What you are asked to do: Transcribe the listing below exactly, leaving out each image.

Top of Given data

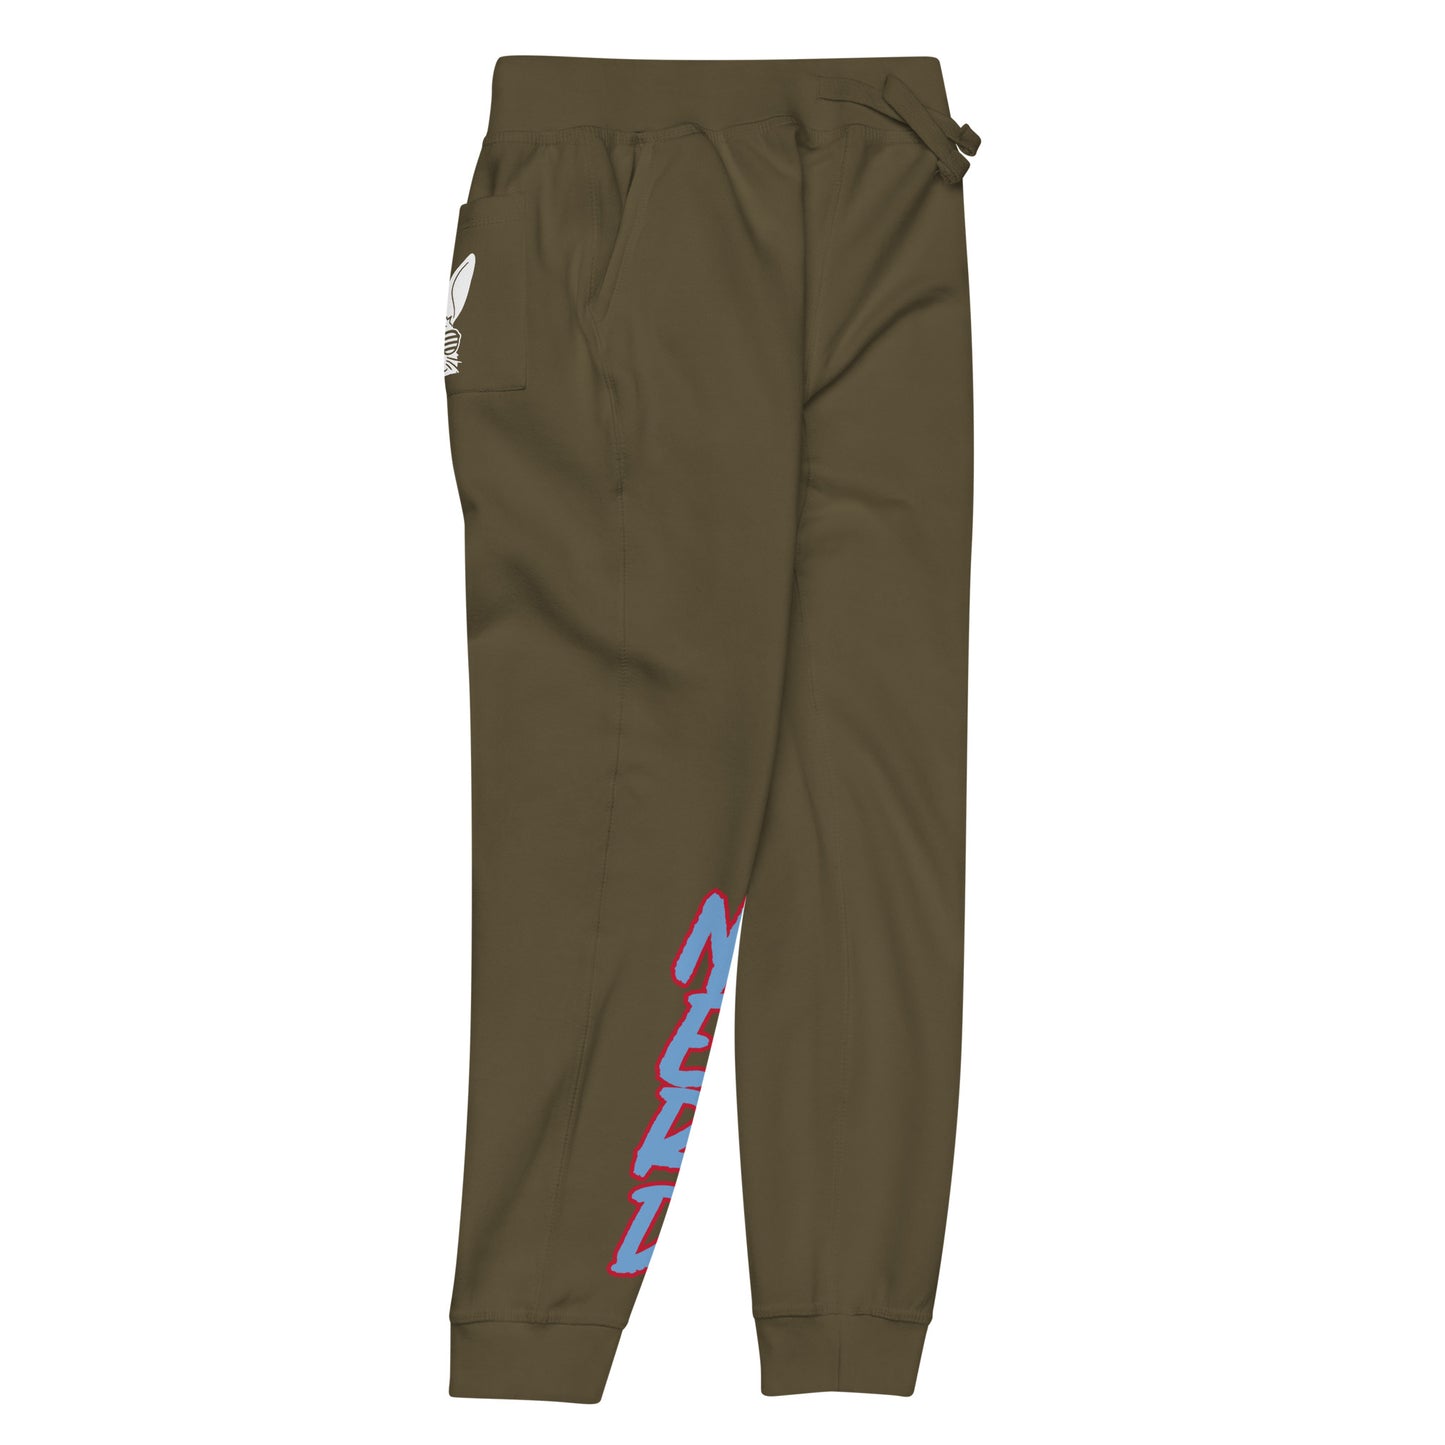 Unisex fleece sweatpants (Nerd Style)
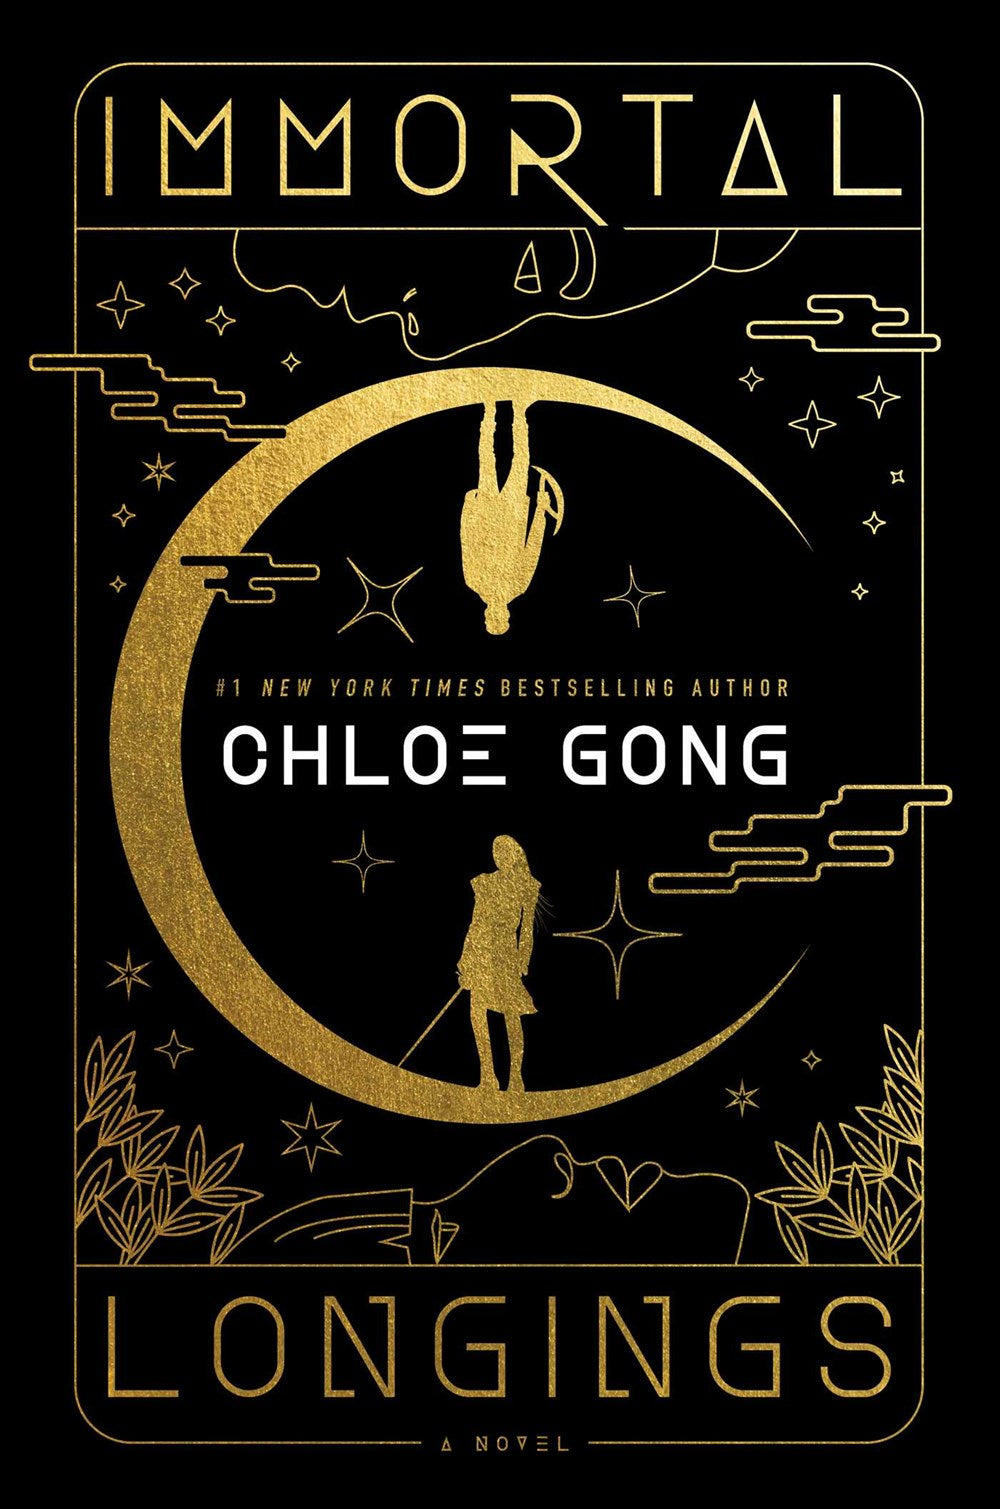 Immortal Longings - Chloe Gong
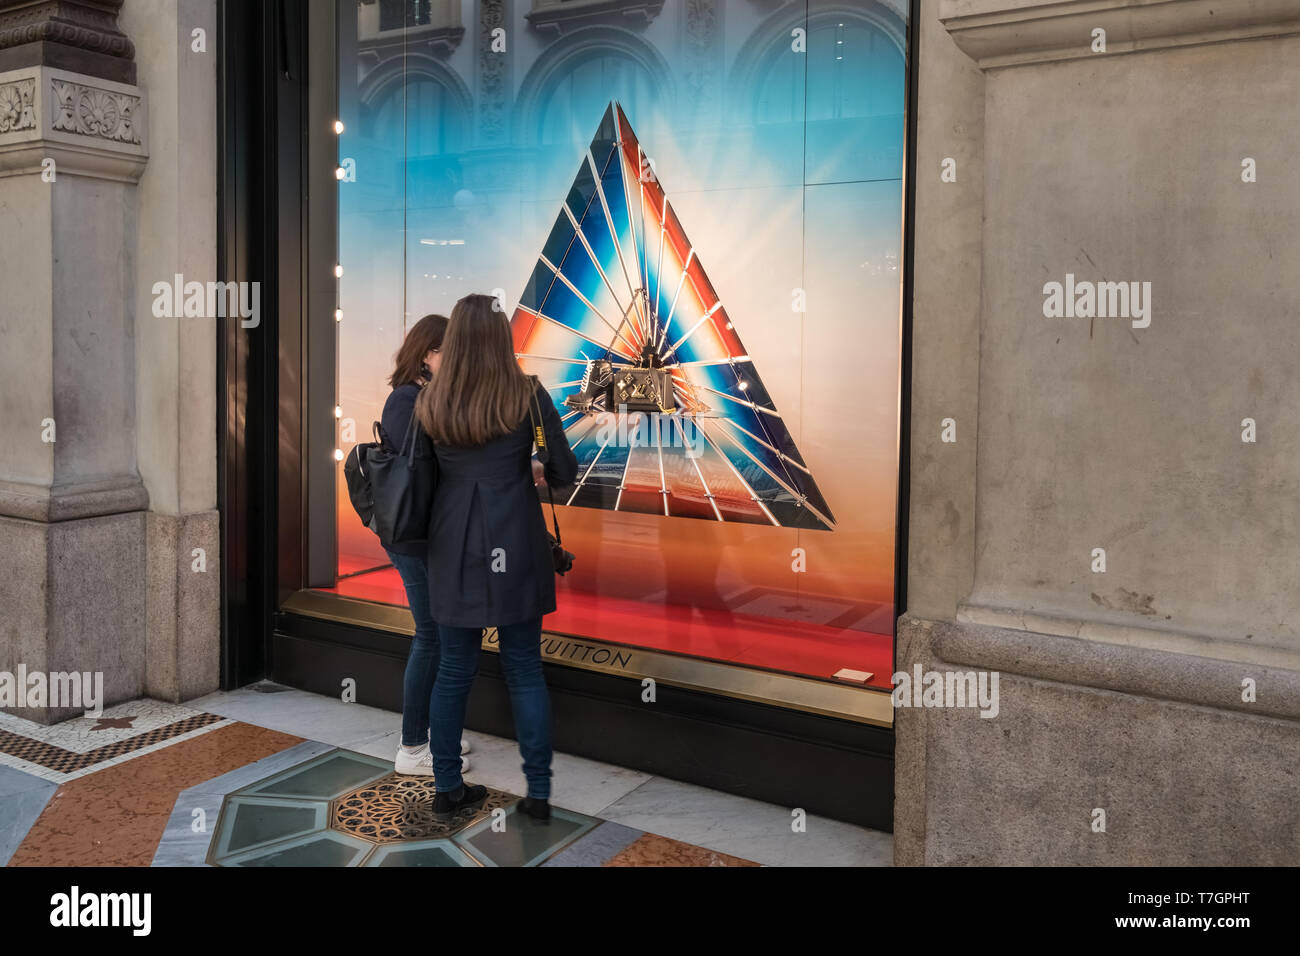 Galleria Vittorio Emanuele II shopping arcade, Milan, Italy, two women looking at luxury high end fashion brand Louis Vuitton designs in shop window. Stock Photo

Bottom of Given data

Final answer:
 Unisex fleece sweatpants (Nerd Style)
 Immortal Longings - Chloe Gong
 Galleria Vittorio Emanuele II shopping arcade, Milan, Italy, two women looking at luxury high end fashion brand Louis Vuitton designs in shop window. Stock Photo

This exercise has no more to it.